MiG-29 Polska hangar
Autor. Cynthia Vernat/NATO Air Command

Polska jest obecnie zaangażowana jako hub logistycznych dla pomocy sojuszniczej dla Ukrainy. Polskie lotniska przeżywają obecnie boom jeśli chodzi o ruch sprzętu, uzbrojenia i amunicji, które potem drogą lądową trafiają na Ukrainę. Jest to wiedza powszechna, również na wschód od Polski. Dlatego z jednej strony, gdyby Rosja szukała pretekstu do oskarżenia Polski o jakiś udział w wojnie w Ukrainie to nie potrzebuje innego. Z drugiej to właśnie rosyjskie media i wielu komentatorów w mediach społecznościowych promuje tą wizję wykorzystywania polskich lotnisk przez ukraińskie samoloty jako dowód na zaangażowanie w konflikt NATO i Polski w szczególności.

Czytaj też

Jest to działanie zbieżne z główną linią polityki informacyjnej Kremla, w której Polska należy do państw wybitnie antyrosyjskich, albo nawet „rusofobicznych" i odpowiedzialnych m. in. za niepokoje na Białorusi związane ze sfałszowanymi wyborami. Generalnie w propagandzie rosyjskiej Warszawa uchodzi za „pachołka USA" i głównego podżegacza na równi z Kijowem.
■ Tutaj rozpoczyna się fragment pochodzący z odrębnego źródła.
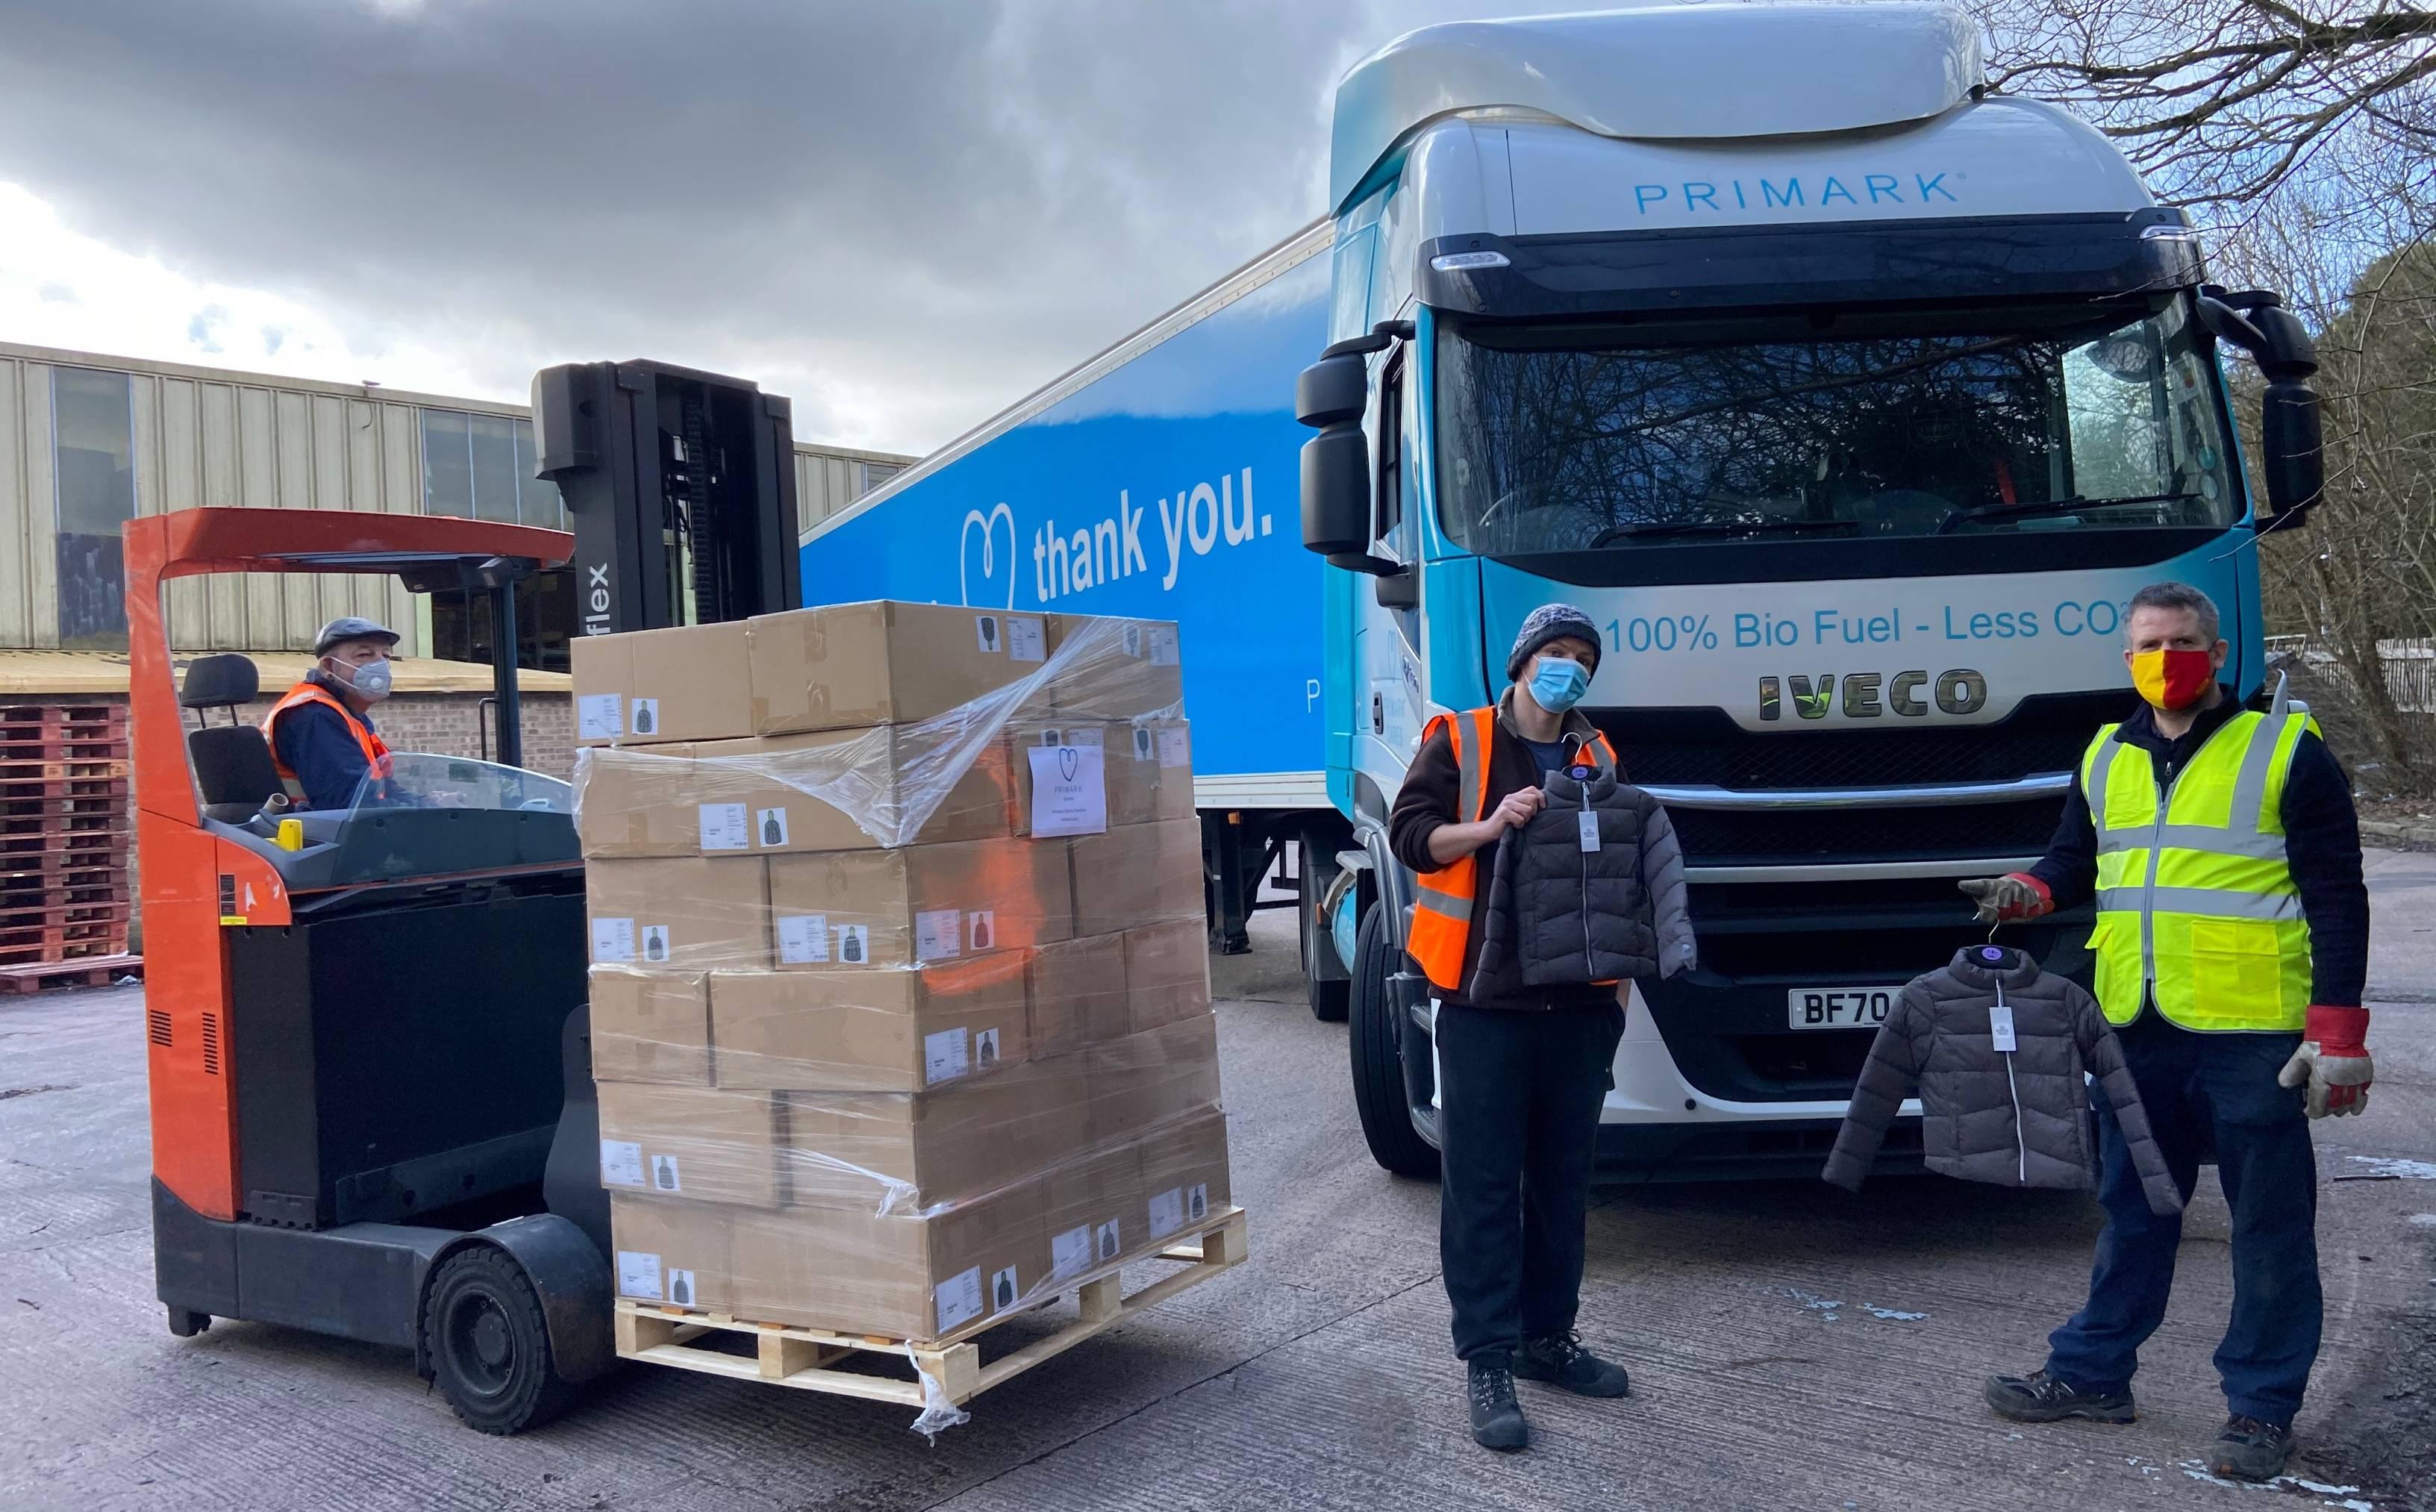 Primark donates over 20,000 coats to children in need

W tej sytuacji przekazanie polskich samolotów bojowych na Ukrainę nie ma dużych szans zmienić tej percepcji po stronie Rosji, natomiast stanowiłoby kolejny mocny sygnał wsparcia dla Kijowa ze strony Warszawy. Problemem jest jednak sposób w jaki historia ta obecnie się rozwija. De facto wyglada to na próbę wymuszenia działań na stronie polskiej. Zarówno przez USA jak i Ukrainę.

MiGi a sprawa Polska

Kijów łatwo jest zrozumieć, ponieważ komunikat o rychłym wsparciu lotnictwa ma ogromne znaczenie propagandowe ale też realna realizacja takich działań znacznie poprawiłaby trudną sytuację Sił Powietrznych Ukrainy. Ostrożne szacunki mówią, że mogły one utracić 2/3 swojego potencjału w wyniku zarówno uszkodzenia, zniszczenia jak i zużycia.

Presja administracji amerykańskiej (zwłaszcza Departamentu Stanu kierowanego przez Blinkena) na Polskę może być związana z sytuacją polityczną w USA. Republikanie, ale i część Demokratów krytykują bowiem administrację Bidena za zbyt zachowawcze działania wobec agresywnej Rosji. Strona ukraińska z kolei podała informację o przekazaniu myśliwców w mediach, by zwiększyć presję na USA. Naciski na Polskę mogą więc być próbą znalezienia politycznego wyjścia - kosztem Polski - z impasu, częściowo w polityce wewnętrznej a częściowo zagranicznej.

MiG-29 Ukraine
Autor. mil.gov.ua

Każdy kto obserwował w ostatnim tygodniu media mógł zobaczyć rodzaj dyplomatycznego i medialnego ping-ponga, pomiędzy administracją USA i stroną Polską. Przez dłuższy czas Amerykanie ogłaszali prowadzenie rozmów z Polską na temat przekazani migów Ukrainie, polskie instytucje, takie jak Prezydent, MON, MSZ i rzecznik rządu odpowiadały wymijająco lub dementowały. W ostatnich dniach Polska przyznała, że trwają rozmowy aby 8 marca 2022 w oświadczeniu MSZ wyłożyć swoje stanowisko.  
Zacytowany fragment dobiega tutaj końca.